Steel Products Prices North America
Steel Import Market Share for Sheet, Plate, Long, Tubular Products
Written by Peter Wright
December 12, 2019
This Steel Market Update report examines the import share of sheet, plate, long and tubular products and 16 subcategories. Since January, there has only been one month when the import market share of total sheet products exceeded 15 percent. The import share of HRC has been below 10 percent since January.
The most striking result in this analysis is the data for other metallic coated sheet where the import share has declined by more than half in two years. It’s notable not just because imports have declined, but also because domestic shipments have almost doubled since mid-2017.
Table 1 shows total supply to the market in three months through October and in 12 months through October for the four product groups and the 16 sub-categories. Supply to the market is the total of domestic mill shipments to domestic locations plus imports. It shows imports on the same three and 12-month basis and then calculates import market share for the two time periods for 16 products. Finally, it subtracts the 12-month share from the three-month share and color codes the result green or red. If the result of the subtraction is positive, it means that import share is increasing and the code is red. The big picture is that import market share declined in three months compared to 12 months for all except four of the 16 products considered.
There is a huge difference in import market share between products with each of the tubular products and coiled plate being the worst cases. See note below about tubular products.
Figure 1 shows the historical import market share of plate and total sheet products. The import share of plate has been decreasing erratically for four years. There has been a downward drift of sheet product import share for the last 2 1/2 years.
Figure 2 shows the import market share of the four major sheet products. Other metallic coated (mainly Galvalume) traditionally has had by far the highest import market share, but the gap has been closing since late 2017. Domestic producers have made major inroads into the supply picture of OMC products.
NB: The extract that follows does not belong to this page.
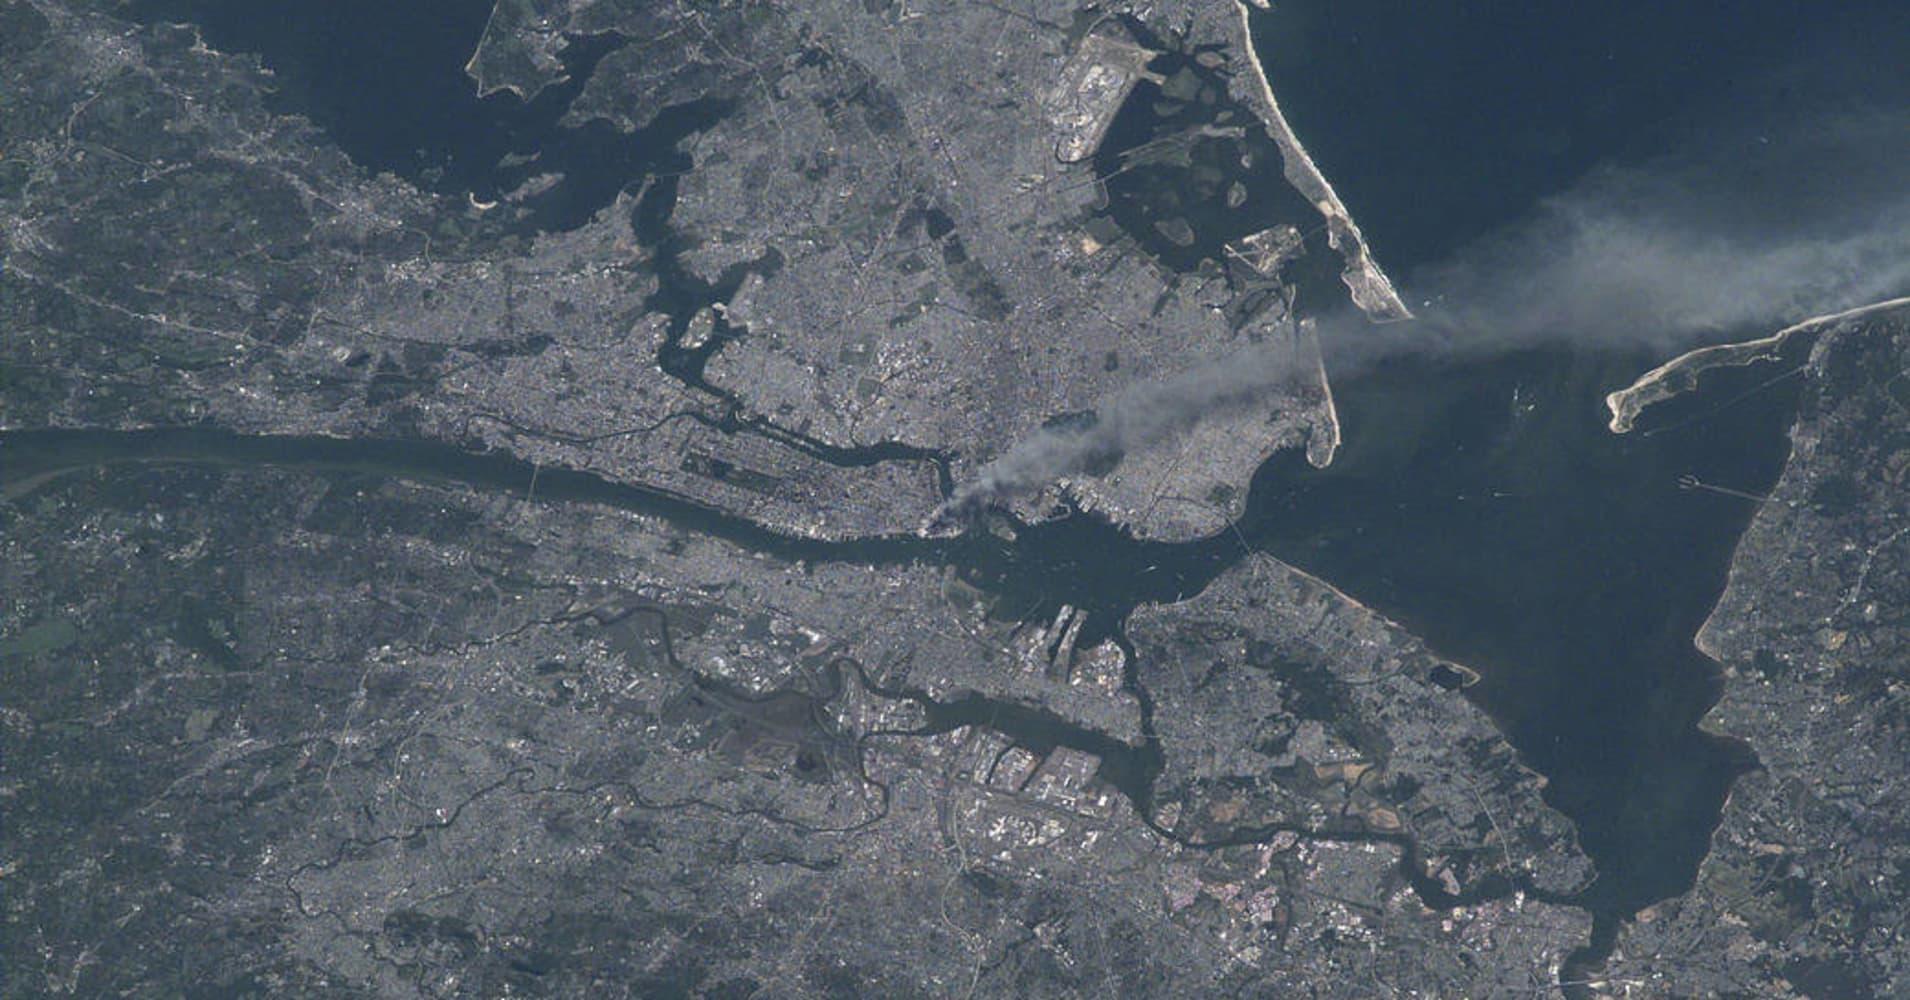 New York City on Sept. 11, 2001.

For the last four years, hot rolled coil has had the lowest import market share of the major sheet products.
Figure 3 breaks out coiled and CTL plate from the flat rolled total and shows that coil imports currently have almost seven times the market share of CTL imports.
Figure 4 describes the total import share of tubular goods and long products. It is evident as we work the numbers that data for the domestic production of tubulars is greatly understated. This is probably because of a more fragmented supply chain and the independent tubers not reporting to the extent that the steel mills do for other products. This has the result of increasing the apparent import market share. Even though we don’t believe these numbers for tubulars, we are including them here in the belief that trends should still have some validity. Since December 2017, the import market share of long products has been historically low.
Figure 5 shows the import market share of the individual tubular products. Based on the available information, all are very high compared to other steel product groups. Line pipe is the highest, but declined dramatically in September and October. We hope that the errors in the tubular data are consistent and the shape of the curves in Figure 5 is useful to industry professionals.
Figure 6 shows the detail for the four major sectors of the long products group. The most significant reduction is for wire rod, which in the years 2014 through most of 2017 had double the import market share of the other long products. In late 2017 the gap narrowed. The import share of hot rolled bars has declined by 50 percent in the 18 months including October 2019. Rebar has been very erratic with no clear trend for two years. The import market share of structural shapes has been increasing for 12 months.